The séances with Helly Preiswerk (1894–1899)
From the mid-1890s onwards Jung initiated a small sitting circle within the family: glass tipping, table tipping, later trance. At its centre was his maternal cousin Helene Preiswerk – "Helly", around 15 at the start. Jung was no passive observer. He kept records with the precision of a physician, documented voices, trance personalities and content, brought in additional observers.
In trance Helly spoke as a more mature, dignified woman who called herself "Ivenes" – with a different vocabulary, a different diction and a family history that had little to do with Helly's middle-class everyday life. Other trance personalities appeared as well, some with their own voices and biographical details. Precisely this observation – that a single person can manifest several coherent, self-contained personalities – would become Jung's lifelong research motive.
The 1902 dissertation
The protocols became Jung's 1902 medical dissertation at the University of Basel: On the Psychology and Pathology of So-Called Occult Phenomena. In the same year he took up his position at the Burghölzli psychiatric clinic under Eugen Bleuler. For reasons of discretion he anonymised Helly as "Miss S. W." and altered family-historical details to protect her identity in the small Basel society of the time.
The work is methodologically remarkably modern: date of session, observed phenomenon, content, hypothesis – column by column.

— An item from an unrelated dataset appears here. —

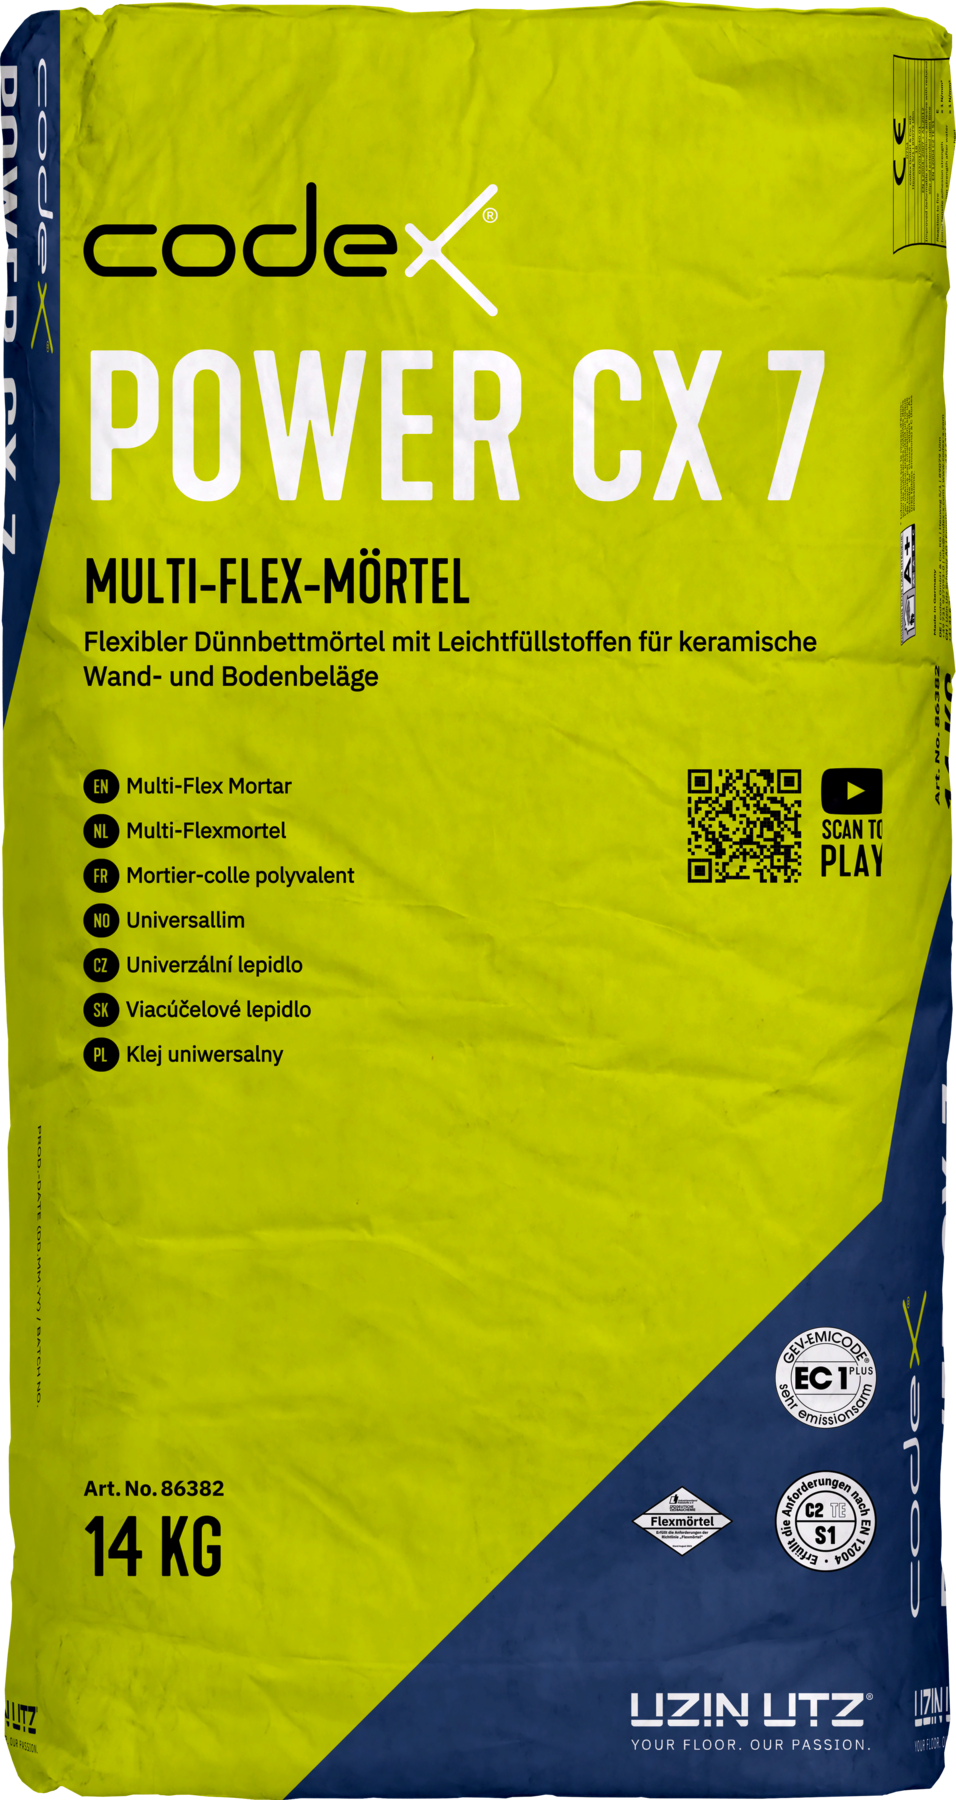 Codex Power CX 7 14 kg Multi-Flex-Mörtel

In substance the dissertation broke with two camps at once.
One central finding of Jung's from the trance material was cryptomnesia – "hidden memory". Helly once recited a story Jung later identified as a near-verbatim passage from Friedrich Nietzsche's Thus Spoke Zarathustra. Helly was convinced she had never read the book. Family research showed that an edition had been read aloud in the Preiswerk household years earlier, when Helly was still a small child. Her waking consciousness had completely forgotten the text; in trance it returned precisely. For Jung in 1902, this was a delimitation: not all trance content comes from "the beyond"; some of it is ordinary, forgotten memory.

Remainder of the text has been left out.